There are 25 horses, but only one race track where 5 horses can race at a time. What is the minimum number of races required to determine the 3 fastest horses in order. Horses can be raced over and over again, and take the same time to run the track.
Answer: 7. Race 5 groups of 5 horses each (5 races). Now race the winners of each race (6th race) - this gives the fastest horse. The next two fastest horses must be out of (a) the second and third from the initial race of the fastest horse; (b) the first and second from the 6th-race-runner-up's initial race; (c) Third horse from the 6th race. Race these 5 horses in the 7th race.
We have spider and we have an ant. They are sitting on a web. The spider wants to catch the ant! The web is a set of points, some connected and some not. Assume the ant is stationary, and the spider moves from one point to a random connected point. So in the square below, there are two equally likely choices for where the spider moves next. In the cube, there are three.
Instructor Notes: We may need to introduce the element of expected value. Take some simpler examples to illustrate that it is sum of (probability x outcome). For example, if I give you one rupee for heads and 10 rupees for tail, then the expected outcome is 5.5 rupees.
In this exercise, its important that kids can visualize the problem and the movements. Allow time for them to think through the paths, what possibilities exist. Younger kids may just be able to visualize the paths and might not be able to get to equations. Advanced kids should get to formulating the equations with some guidance.
The web is a square as shown below left and the spider can visit each point only once. What is the average number of turns before the spider reaches the ant? How about the minimum and maximum?

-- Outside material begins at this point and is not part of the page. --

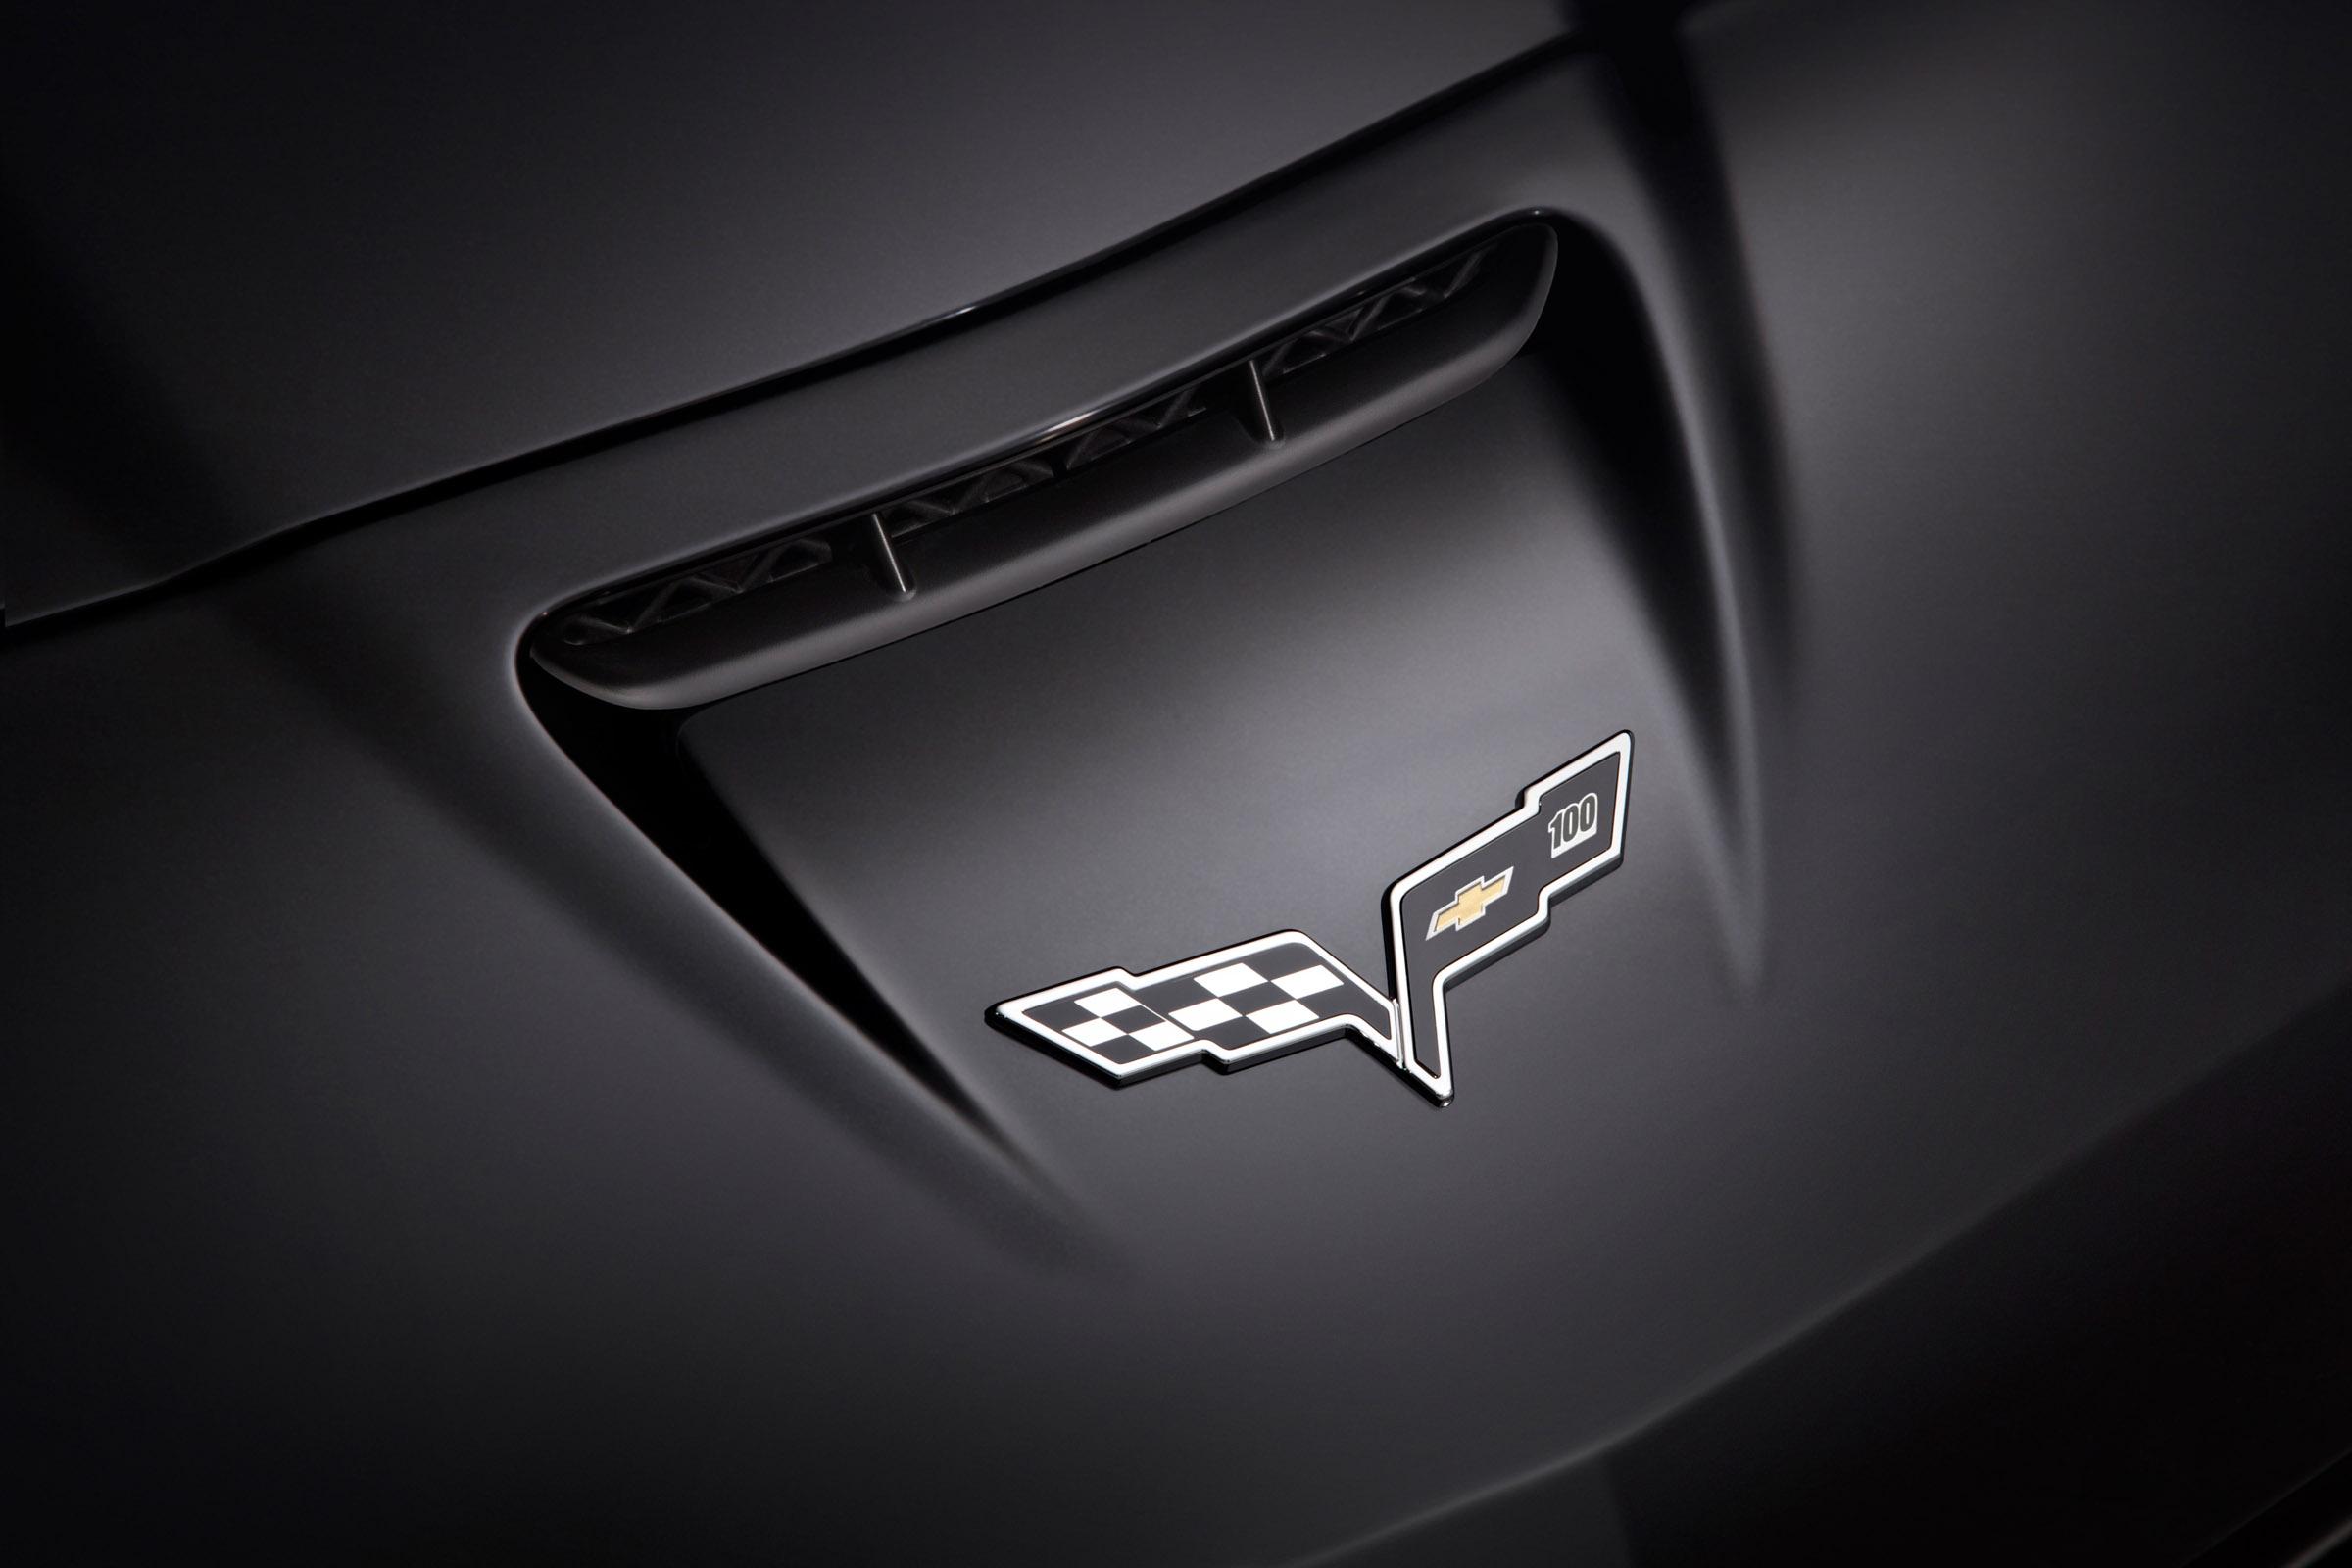 2012 Chevrolet Centennial Edition Corvette Z06 Picture #5 of 9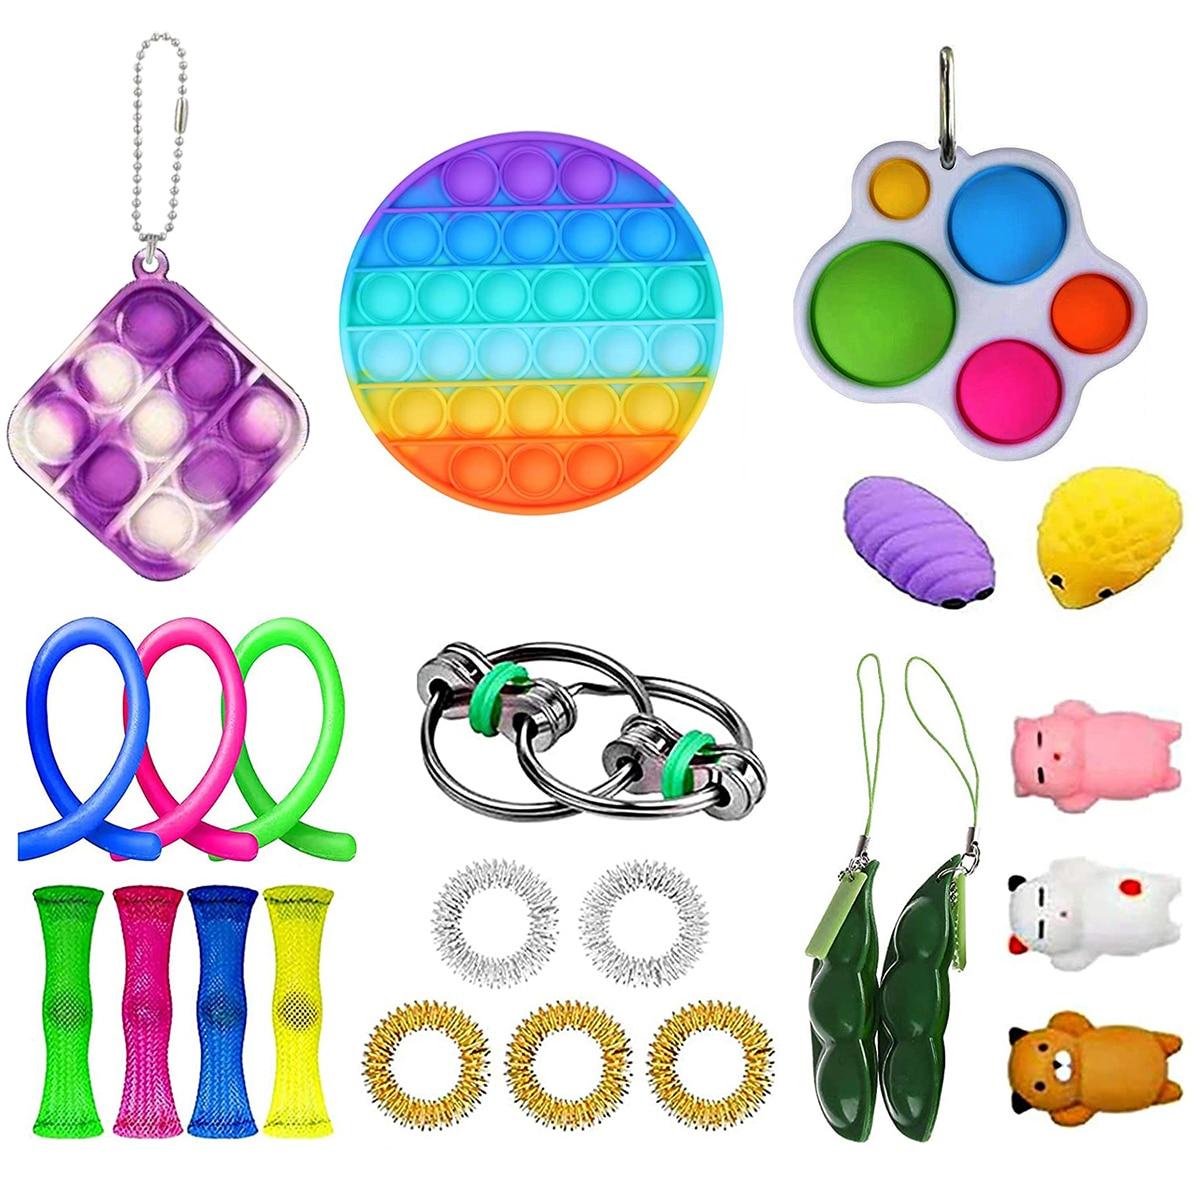 23PCS Pack Fidget Sensory Toy Set Stress Relief Toys Autism Anxiety Relief Stress Push Bubble Fidget Toys For Kids Adults enlarge

Answer: Note that the ant could be at any of the three remaining points (equally likely). The distance for spider to cover is 1, 2, and 3 units respectively. So average is 2.
If the web is a cube as shown above at right, what is the average number then? How about the minimum and maximum number of turns?
Answer: 1-7, average being 4
Supposing that the spider can revisit points, what’s the answer for the square?
Answer: 10/3. Couple of different ways of thinking about it
What is the expected value to get to a point 1 distance away? Lets call this E1. One can reach that point directly, with probability 1/2. Or one can land up going the other direction, again with probability 1/2, and take (1+E2) steps in that case. So E1 = 1/2 + 1/2 (1+E2). Similarly E1 is 1+E1 (since the first step gets you to distance 1). If we solve for these, E1 = 3 and E2 = 4. Given that the ant is 1 distance away in 2 cases and 2 distance away in 1 case, overall expectation is (2E1+E2)/3Alternately, lets try to consider all ways of reaching point one distance away. First, there is a direct path with probability 1/2. Then there are paths of length 3, where the first move has to be the opposite point (probability 1/2), second can be anything (probability 1), and third has to be to the destination (probability 1/2). So, the expected contribution is 3 (1/2.1/2). Similarly, contribution of distance 5 is 5 (1/2.1/2.1/2) and so on. Sum this infinite series, and we get E1=3. Similarly, we get to E2=4
How about for the cube? And do the minimum or maximum numbers change?
Answer: 58/3 (E1=7, E2=9, E3=10) - solution similar to above. Minimum is 1, Maximum is infinity
What if the spider starts at 1 and the ant at 0 on the number line? Or in 2D?
Answer: We can follow the second approach. Distance 1 probability is 1/2. Distance 3 probability is 1 x 1/8. Distance 5 probability is 2 cases x 1/32=1/16. Distance 7 probability is 5 cases x 1/128=5/128, and so on. Sum the series.
What if the Ant was at 0 and Spider was at 2?Ask kids to think about the 2-D problem.
Homework
(Dudeney - 230) Here is a pretty little puzzle that only requires twelve pennies or counters. Arrange them in a circle, as shown in the illustration. Now take up one penny at a time and, passing it over two pennies, place it on the third penny. Then take up another single penny and do the same thing, and so on, until, in six such moves, you have the coins in six pairs in the positions 1, 2, 3, 4, 5, 6. You can move in either direction round the circle at every play, and it does not matter whether the two jumped over are separate or a pair.
Answer: 12->3, 7->4, 10->6, 8->1, 9->5, 11->2
What if we wanted them to jump two stacks of pennies, regardless of number of pennies in that stack?
Is there a path that the spider can follow so that he will visit each point exactly once?
Answer: Yes for both shapes
How about each edge (connection) exactly once?
Answer: Note that we have done the test for each edge being visited once - it has to have 0 or 2 vertices with odd numbers. So its possible in square but not in cube
What about each edge and point exactly once?
Answer: No. Clearly for this, you need a straight line formation
Try the same problems for an octahedron (8 faces, 4 edges from each point), icosahedron (20 faces, 5 edges from each point) or a dodecahedron (12 faces, 3 edges from each point).
Instructor Notes: Kids should be able to think this through and formulate the equations. May be advanced kids
What if the ant is also able to move at random?
Instructor: Focus on whether kids can formulate the problem in terms of equation.